The break point of 18q involved in the balanced translocation of case 3 splits YAC 852H2 (located between markers AFM357TD5 and AFM191XC9P) and BAC 450M22 (AC016165, included within YAC 852H2) into two parts, one giving a signal in 18q and the other in 12q. All BACs located in 18q proximal to 450M22 remain in 18q, whereas BACs and YACs below the break point distally move to chromosome 12q in the translocation (Fig. 2; Supplementary Data). Although most of the material lost from the aberrant 12q in case 1 was totally deleted (for comparative genomic hybridization, see ref. 8), a small part of 12q24 was translocated to 18p (PAC 144J4; Fig. 2) and to the region of BAC 683L23, the latter partly translocated to 12q24. Other more proximal BACs studied in 18p remained in their respective locations.

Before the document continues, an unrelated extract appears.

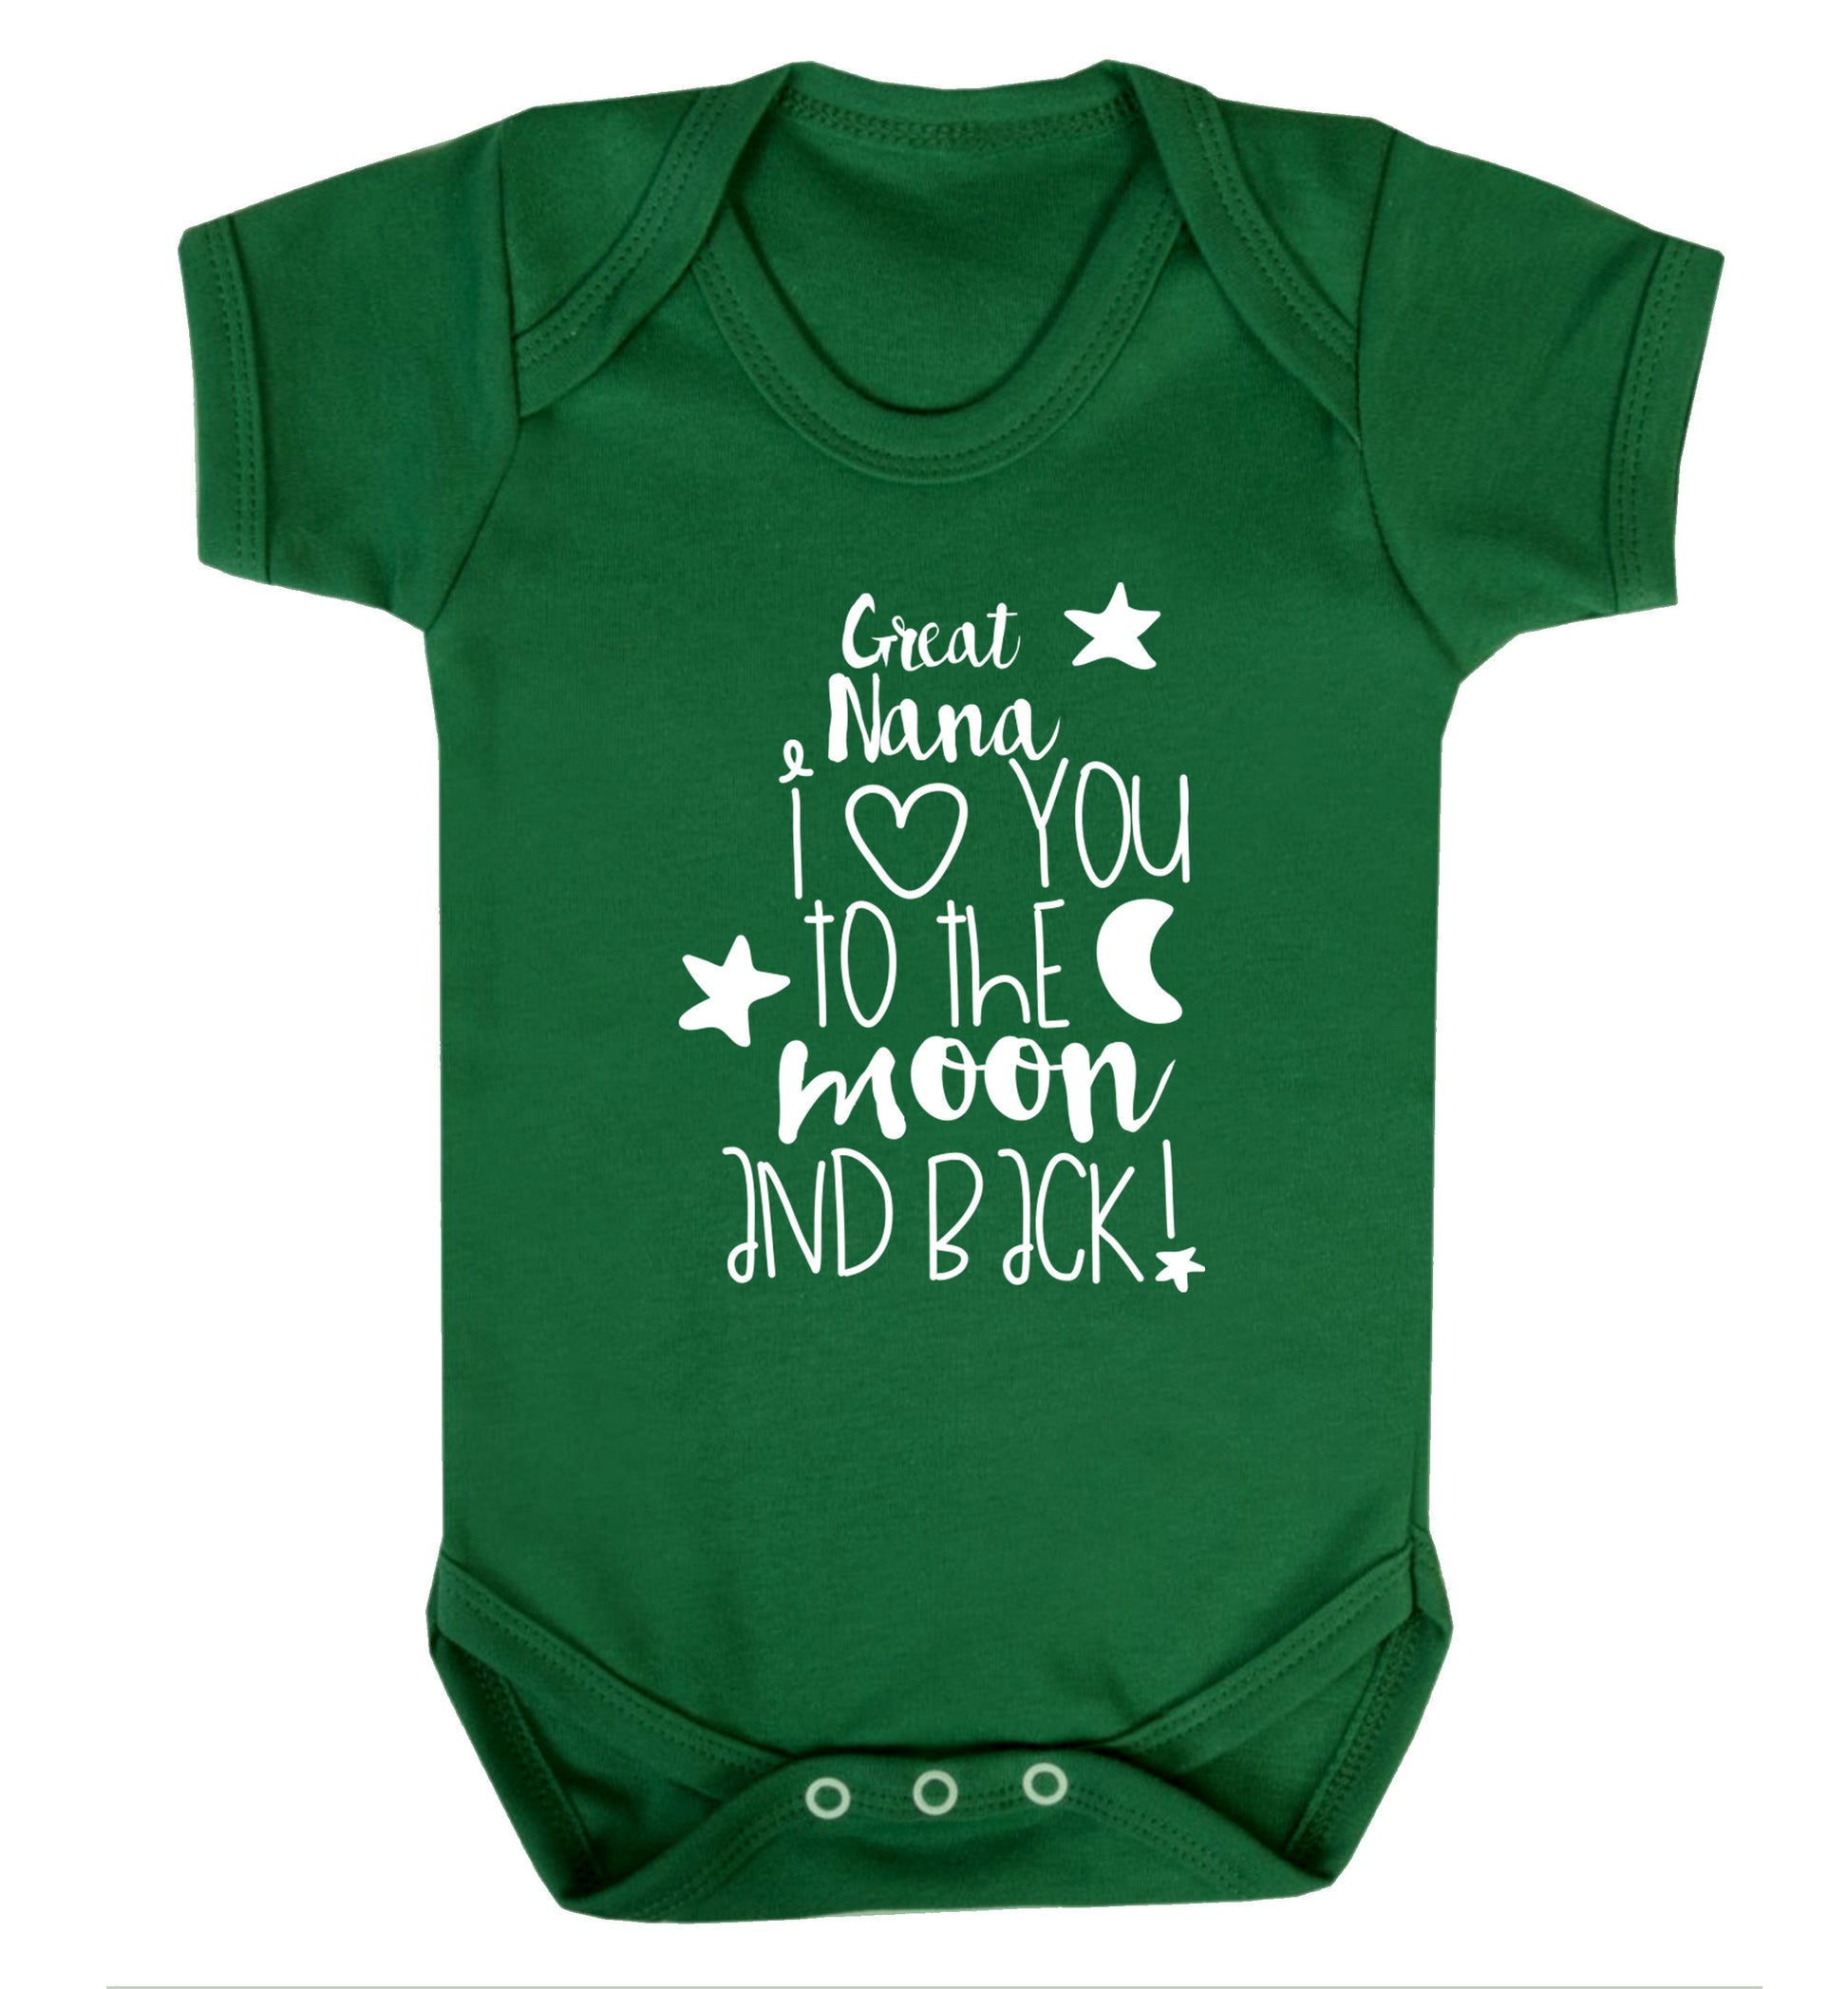 Great Nana I love you to the moon and back Baby Vest green 18-24 months

NAV3 deletion/translocation is found in interphase cells of skin lesions of cutaneous T-cell lymphoma patients. The translocation observed in blood lymphocytes of one Sézary syndrome patient (case 3) was also observed in the locus-specific FISH to his lesional skin touch preparation (Table 1; Fig. 4). Deletions of the NAV3 gene were observed in solid tissue samples from the three other Sézary syndrome patients studied (case 1, lymph node; cases 2 and 13, skin) and in the lesional skin from 11 of 17 (65%) patients with various stages of mycosis fungoides (Table 1; Fig. 4).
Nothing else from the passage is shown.